3 Ältere Menschen als besondere Herausforderung bei verhaltenstherapeutischen Interventionen
Obwohl inzwischen völlig außer Frage steht, dass Menschen jeden Alters von verhaltenstherapeutischen Maßnahmen profitieren können, ist es dennoch angebracht, sich verschiedene Besonderheiten dieser speziellen Patientengruppe, nämlich der älteren Menschen, bewusst zu machen. Zunächst einmal ist zu beachten, dass ältere Menschen in ihrem Leben weniger Erfahrungen mit psychologischen Behandlungsmethoden gemacht haben dürften als jüngere Menschen. Viele ältere Patienten sind auch heute noch psychisch unterversorgt. Dieser wenig ausgeprägte Erfahrungsschatz kann zu genereller Skepsis dem Psychologen oder Psychotherapeuten gegenüber führen und sollte möglichst abgebaut werden, indem jeder einzelne Therapieschritt und auch das Selbstverständnis des Therapeuten genau erläutert und transparent gemacht wird. Dieses Bemühen um größtmögliche Transparenz stellt auch sicher, dass etwaige Befürchtungen der Patienten, sie könnten durch die Therapie in irgendeiner Art geistig entmachtet oder entmündigt werden, zerstreut werden können. Es sollte im Gegenteil deutlich gemacht werden, dass die verhaltenstherapeutische Maßnahme dazu beitragen kann, den Patienten zu mehr Eigenständigkeit zu verhelfen. Ein weiteres Problem, dem Therapeuten vermutlich gegenüberstehen, ist das ausgeprägte somatische Krankheitsverständnis älterer Menschen, also die rein physische Herangehensweise an verschiedene vordergründig körperliche Krankheitsbilder.
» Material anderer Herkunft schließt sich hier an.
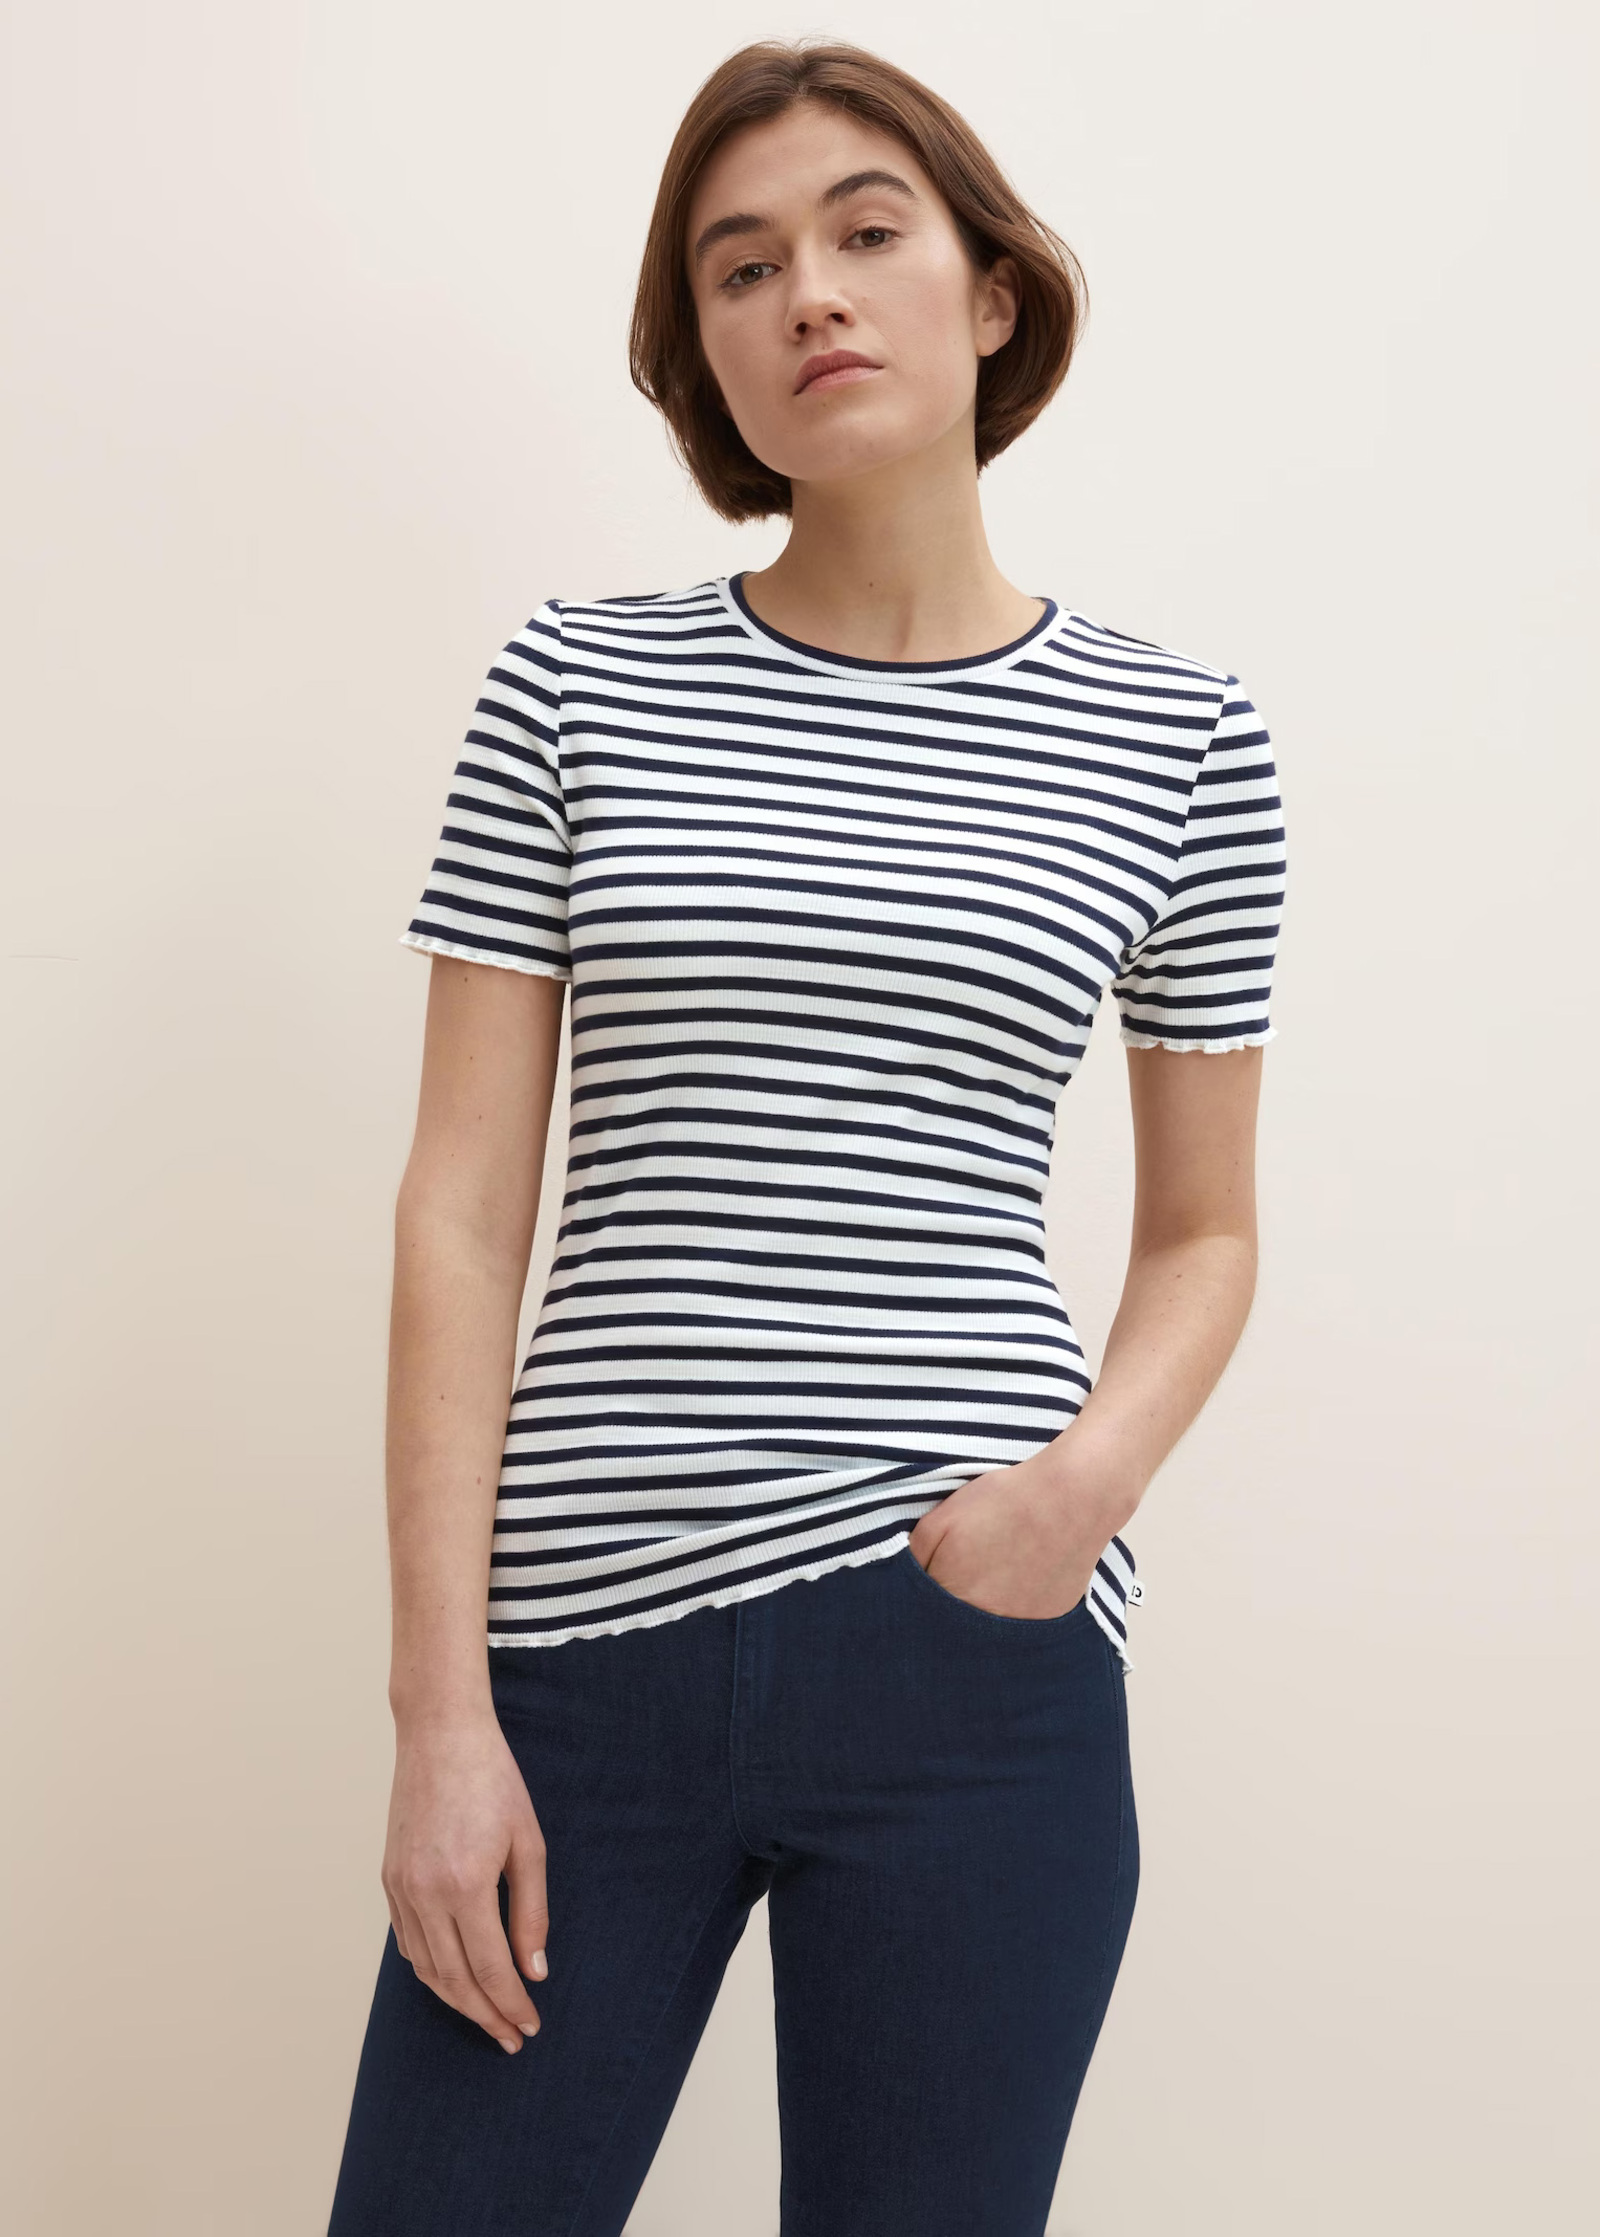 Slim - Stripe M t-shirt with Size White Tailor® Stripes Navy Tom fit
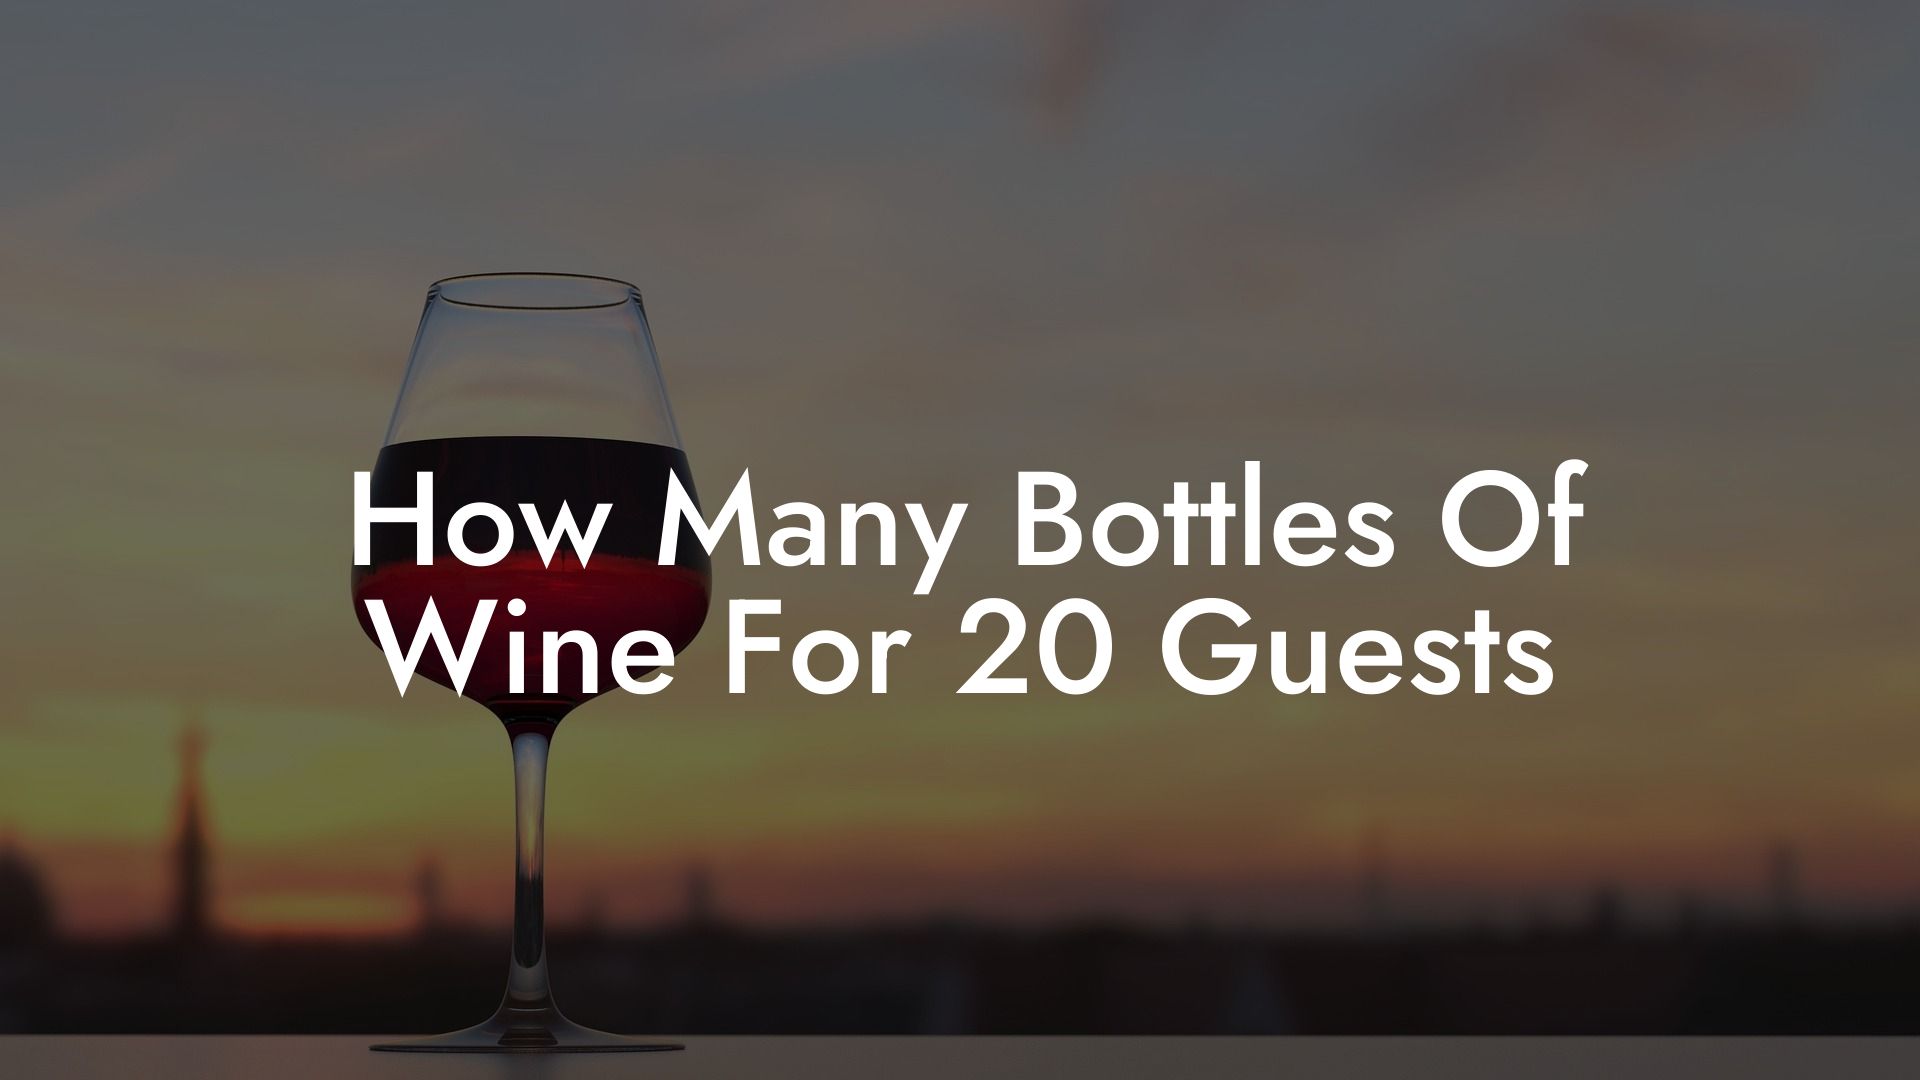 How Many Bottles Of Wine For 20 Guests

Dies wird auch dadurch beeinflusst, dass sich tatsächliche körperliche Gebrechen natürlich mit zunehmendem Lebensalter häufen und ältere Menschen häufig verschiedene Fachärzte aufsuchen und Medikamente einnehmen müssen. Diesem Umstand sollte Rechnung getragen werden, indem den Patienten auch die Behandlung in unkonventionellen Umgebungen, wie zum Beispiel am Krankenbett, ermöglicht wird. Ein enger Kontakt zu behandelnden medizinischen Kollegen ist zudem unabdingbar, auch um über mögliche Nebenwirkungen der eingenommenen Medikamente Bescheid zu wissen, die die Therapie eventuell beeinflussen könnten.